Able counsel for appellants have cited a number of cases in which we dealt with a similar problem. But they are not controlling because the (Private Acts there assailed and held unconstitutional clearly suspended the general law by conferring material benefits which were denied to others by the general law. Thus in Southern v. Beeler, 183 Tenn. 272, 195 S. W. (2d) 857, 862, the Act authorized a bond issue for schools with no provision for apportionment between the city and county, as required by Code, Sec. 2563. This was a material benefit to the county which was contrary to the general law.

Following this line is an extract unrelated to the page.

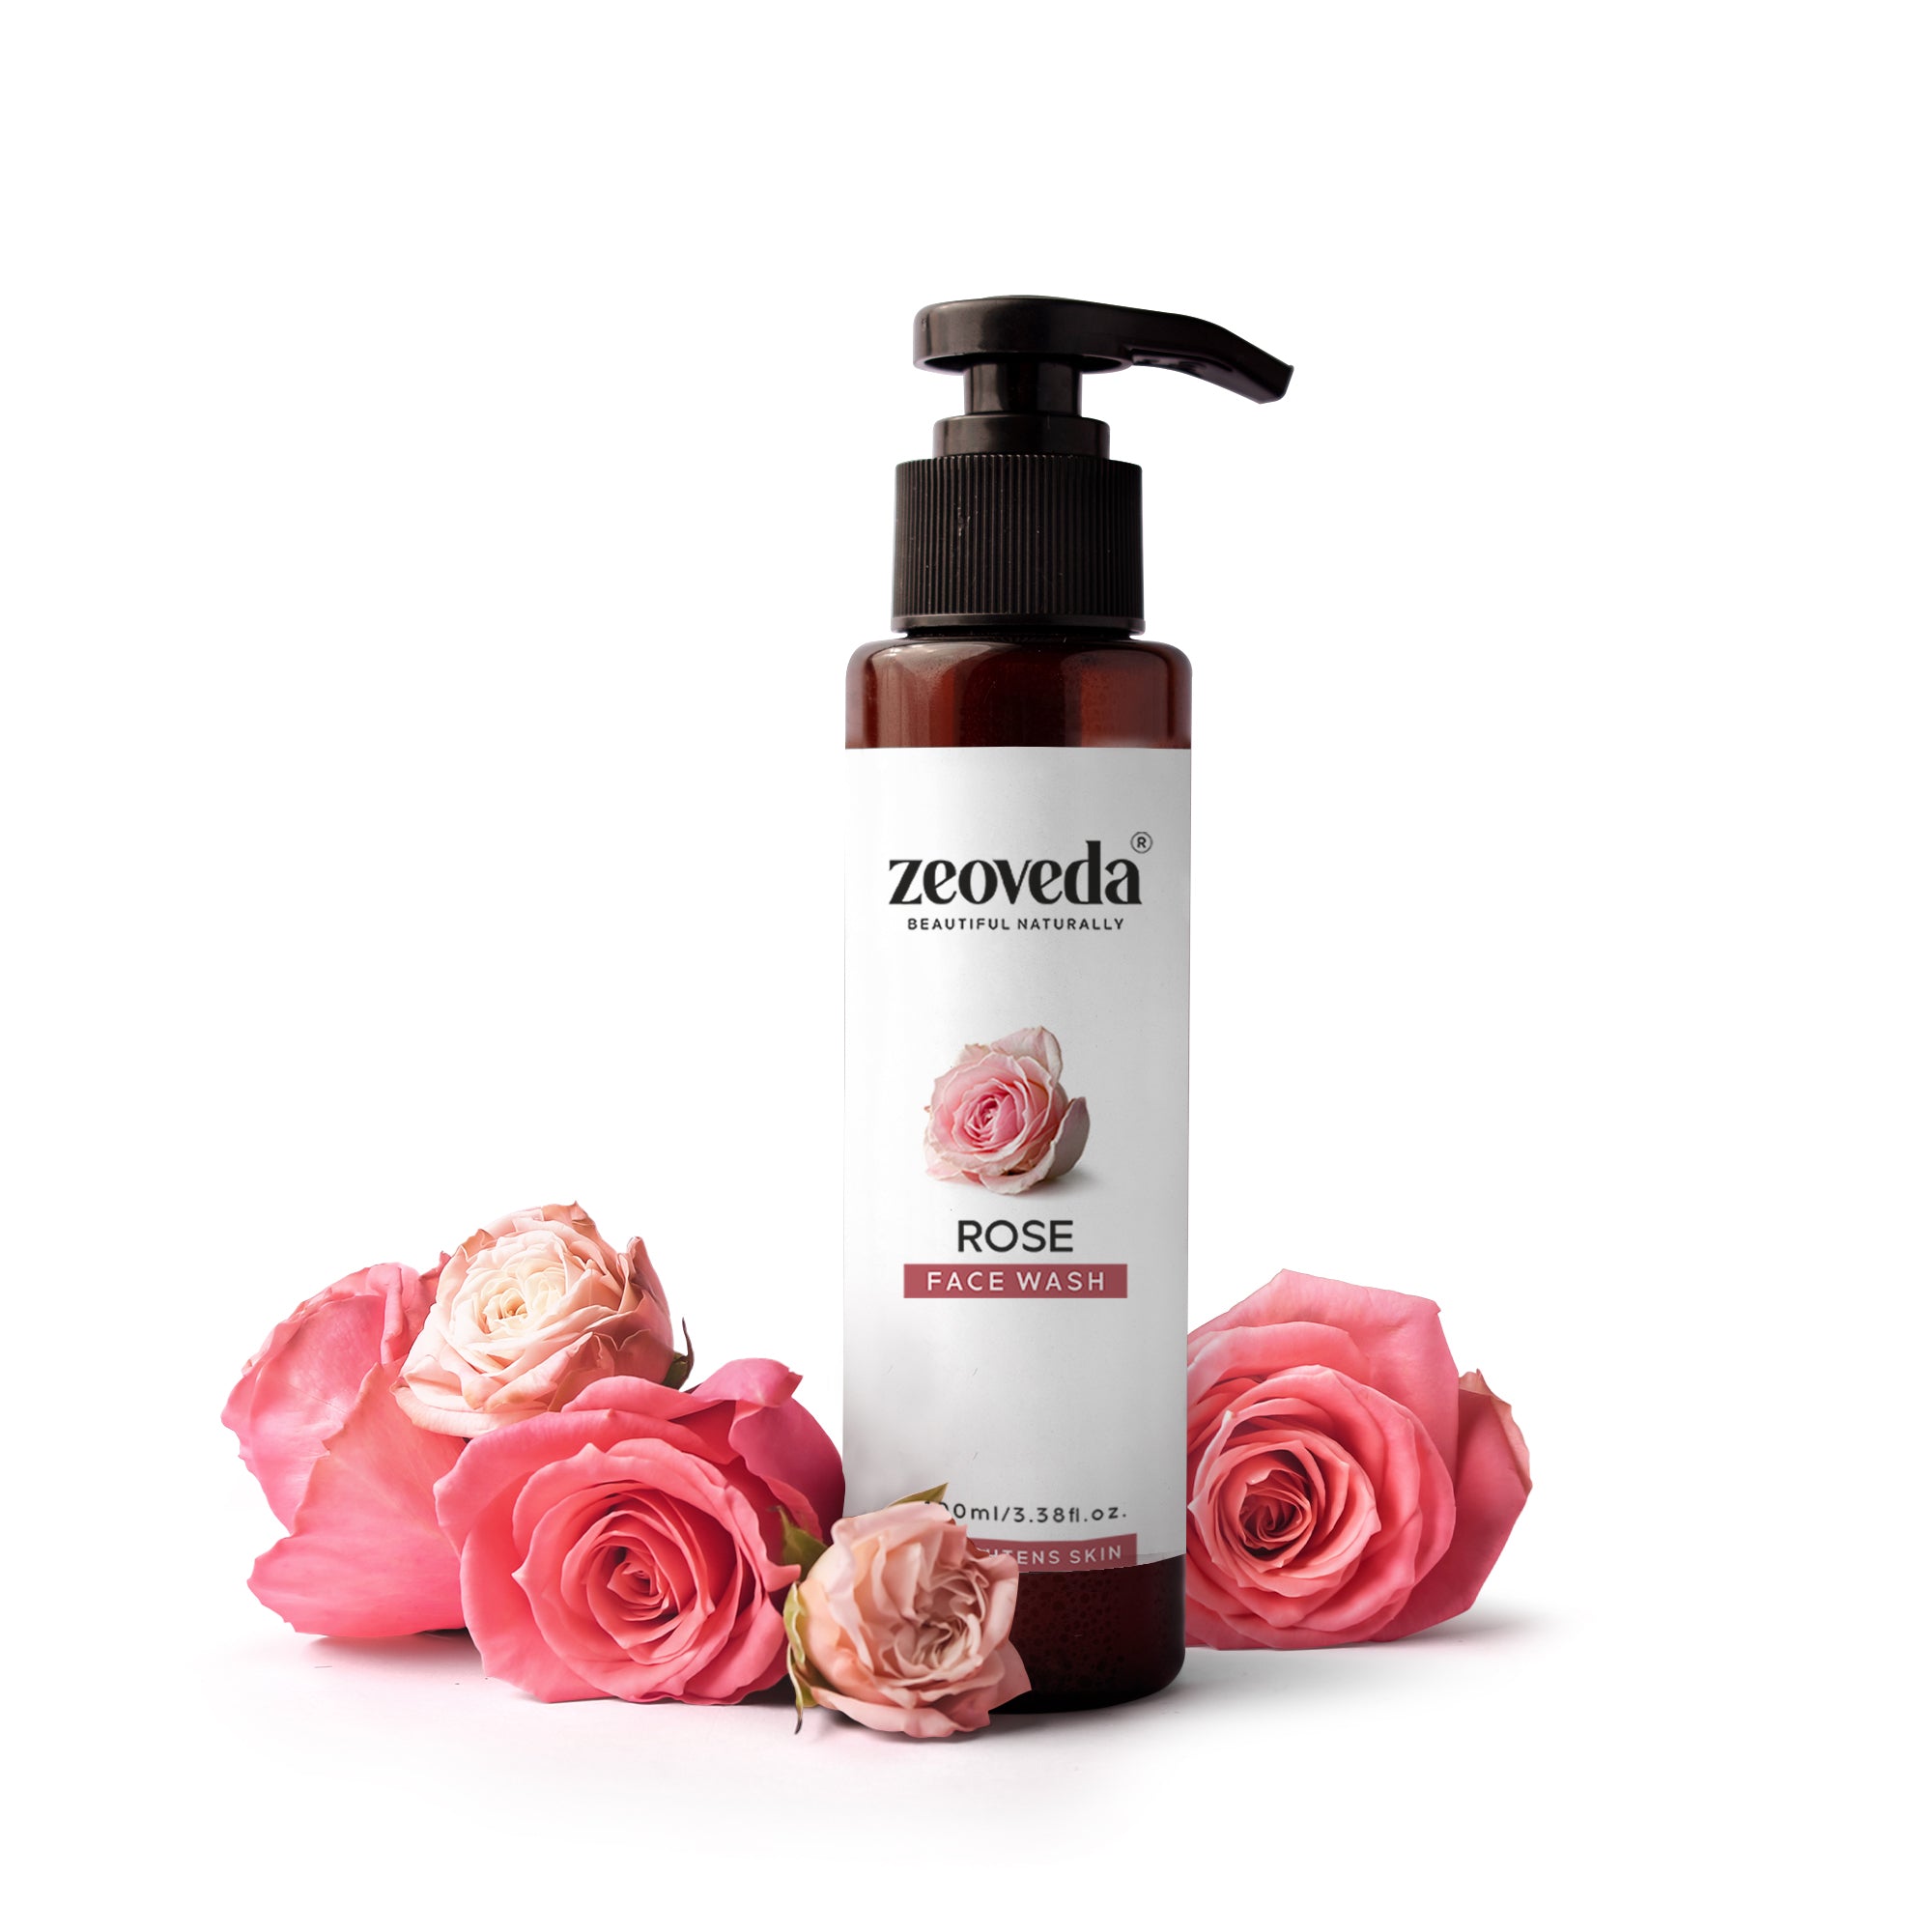 Tea Tree Scrub(150GM) + Rose Face Wash(100ML) Combo For Spotless Skin

In McMinnville v. Curtis, 183 Tenn. 442, 192 S. W. (2d) 998, the Private Act undertook to relieve citizens of the town of paying a poll tax, which was contrary to the general law under which all citizens must pay a poll tax as a prerequisite to voting.

In Carlock v. Chattanooga, 130 Tenn. 330, 170 S. W. 475, 476, the Act undertook to amend the charter of Chattanooga to regulate the bringing of damage suits in personal injury cases which, the Court said, “was inconsistent with the general laws of the land.”

In State ex rel. v. Trotter, 153 Tenn. 30, 284 S. W. 925, 926, the Act provided for free textbooks for school children in counties of a certain population. The Act was stricken down for the following reasons:

*418•“No reason is suggested, and none can be conceived of, why the citizens of counties of the designated population should he given the benefits and onerated with the burdens incident to this legislation not enjoyed by or imposed upon citizens of other counties of the state.”

Upon full consideration of all the authorities, the Court is of opinion that the Act is constitutional.

The decree of the Chancellor is affirmed.

All concur.

* Opinion not designated for publication.